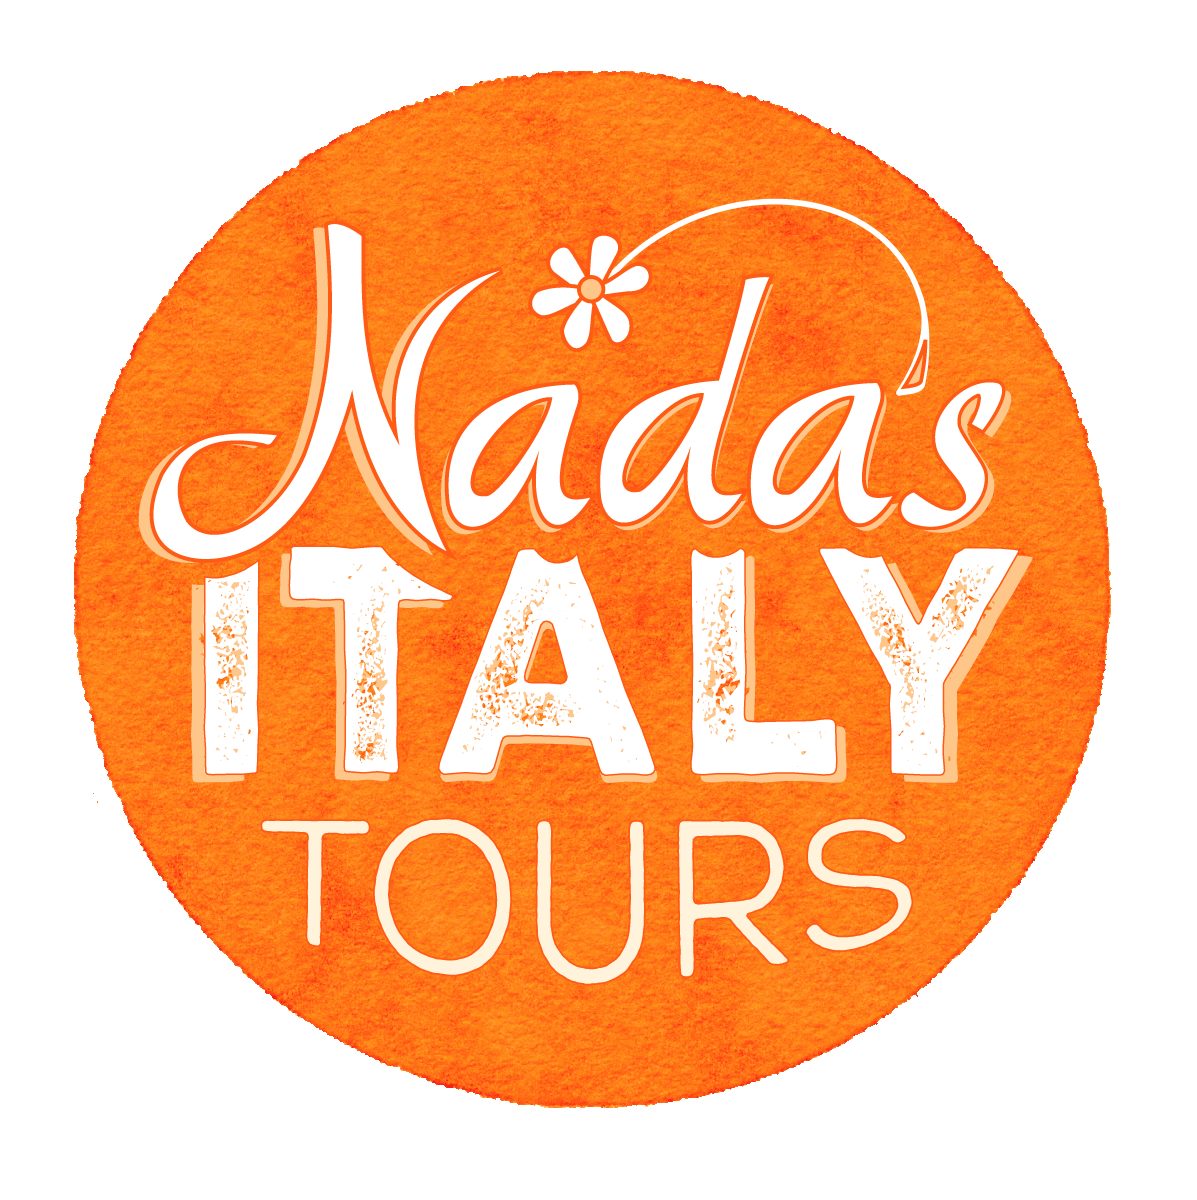 Nadas Italy Tours
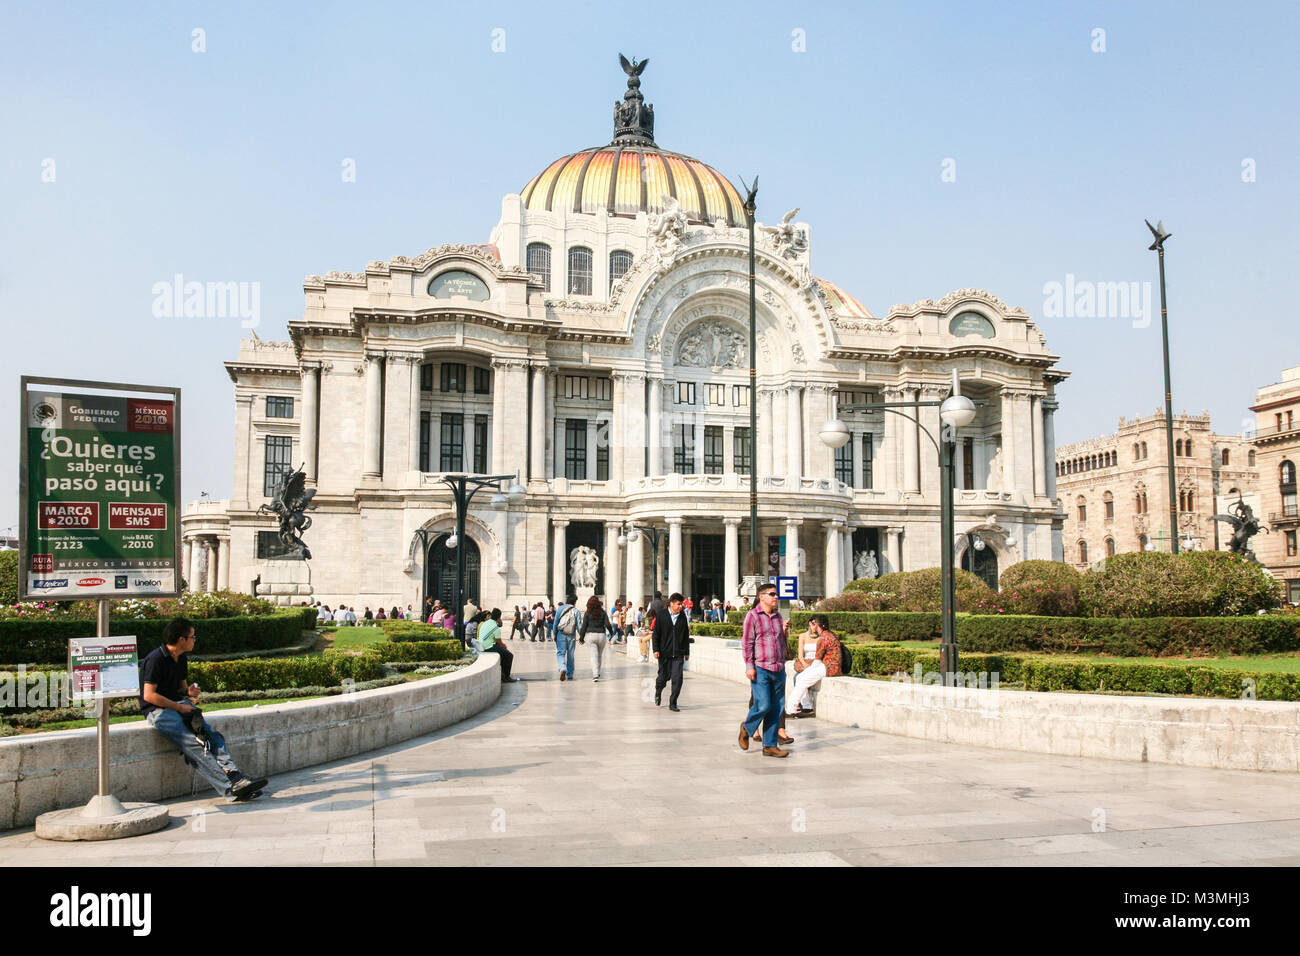 La ville de Mexico, Mexique - mars 3d, 2012 : les gens à pied par le Palacio de Bellas Artes de Mexico City, Mexico DF, Mexique Banque D'Images
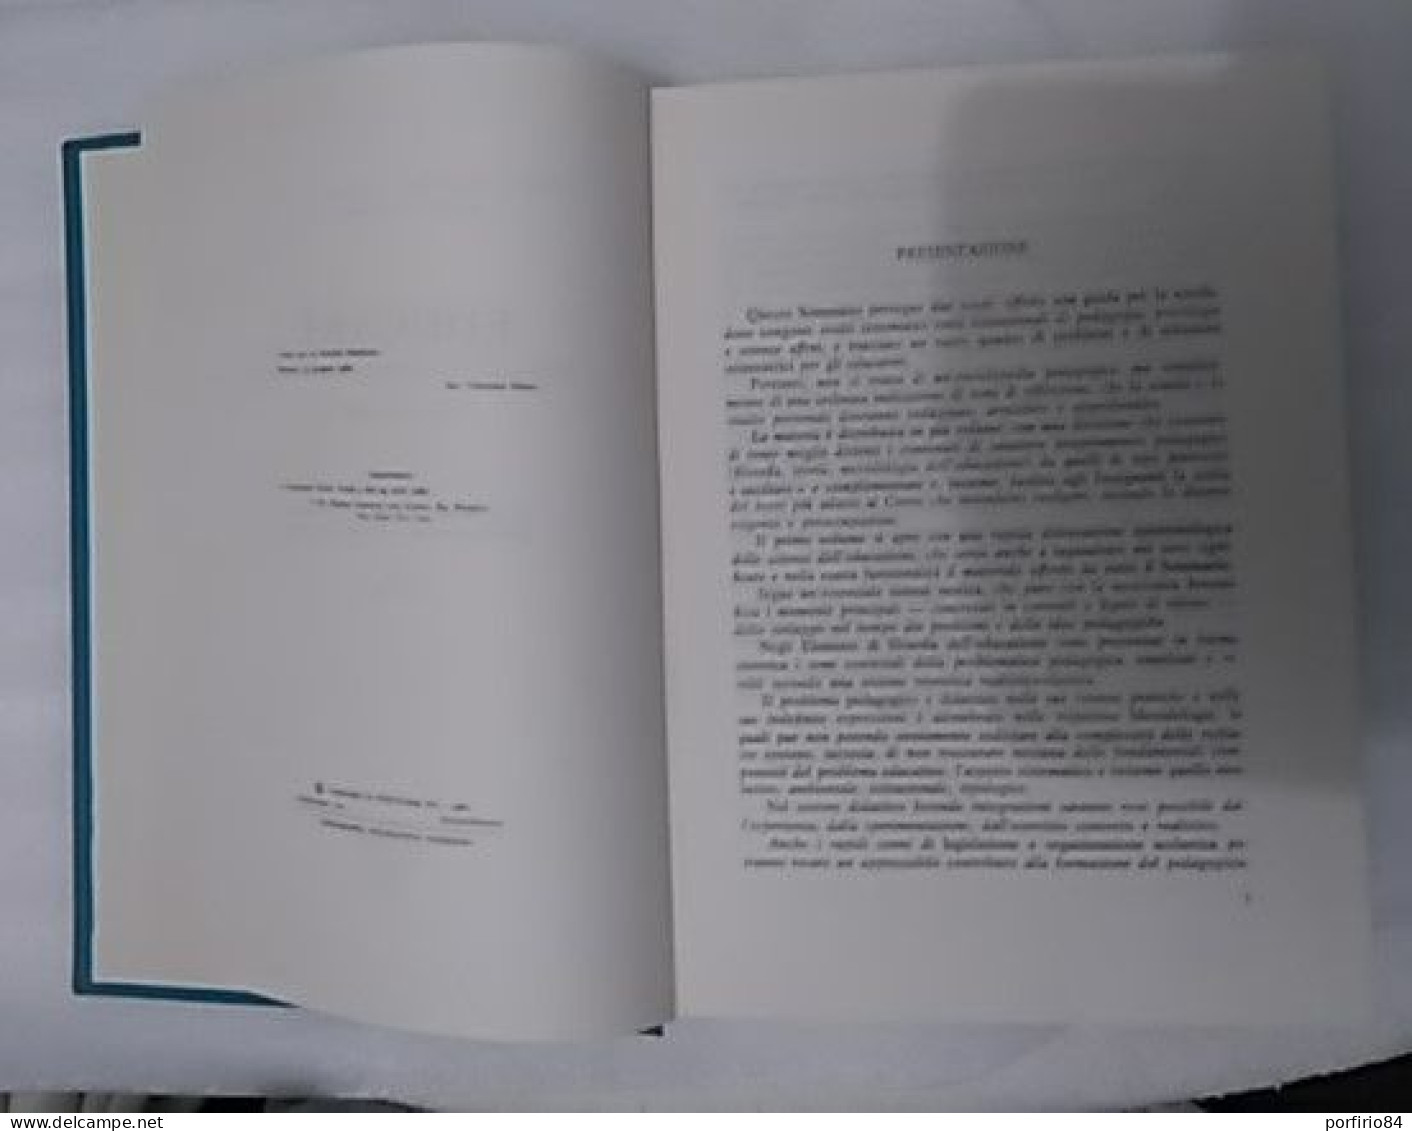 AA. VV. EDUCARE Sommario di scienze pedagogiche 1962 PAS-VERLACH 3 volumi
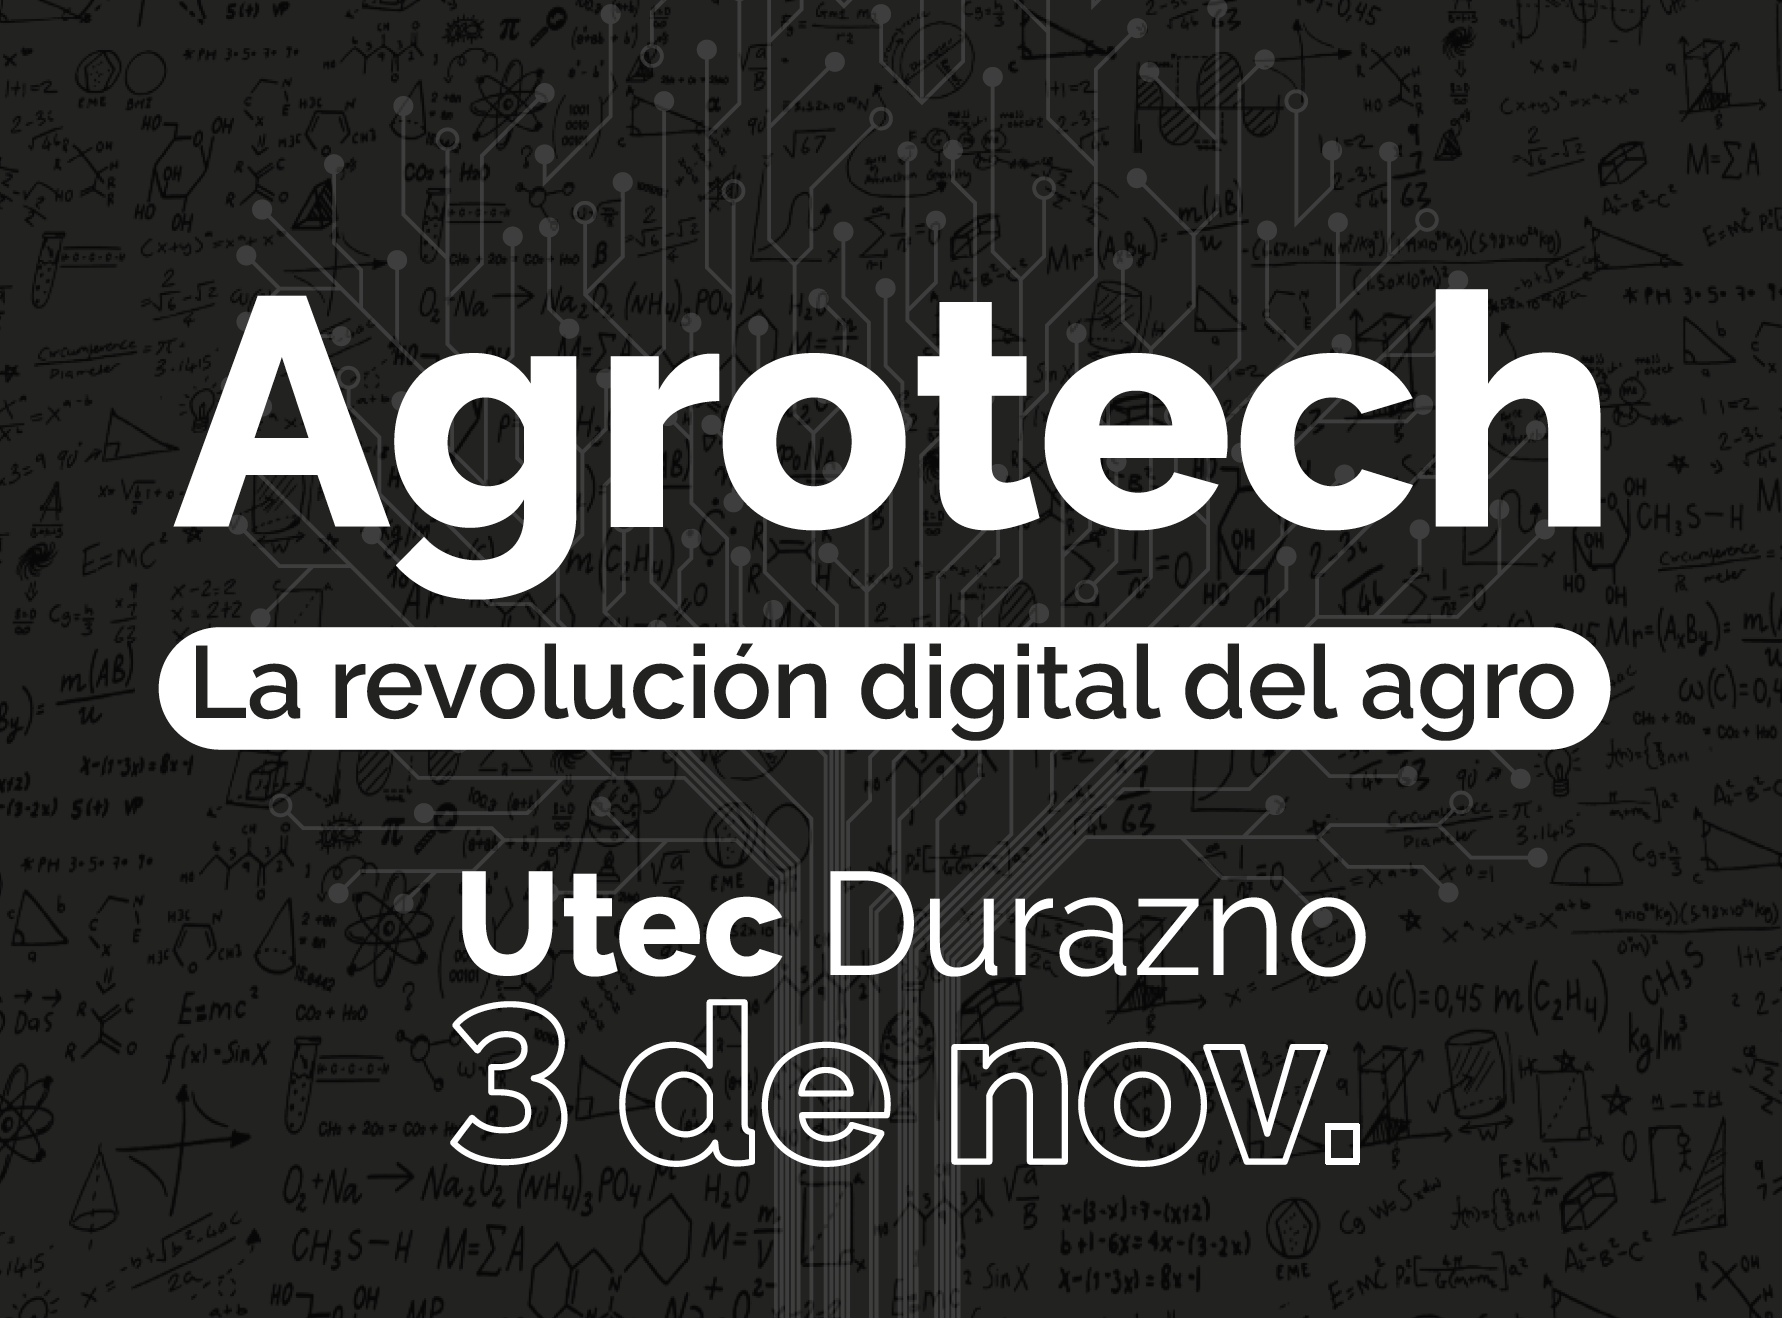 Agrotech - La revolución digital del agro.

※ ※ ※

Apart from its pictures, the data is to be repeated exactly.

ANSWER FOR THIS EXERCISE:
 Nadas Italy Tours
 La ville de Mexico, Mexique - mars 3d, 2012 : les gens à pied par le Palacio de Bellas Artes de Mexico City, Mexico DF, Mexique Banque D'Images
 AA. VV. EDUCARE Sommario di scienze pedagogiche 1962 PAS-VERLACH 3 volumi
 Agrotech - La revolución digital del agro.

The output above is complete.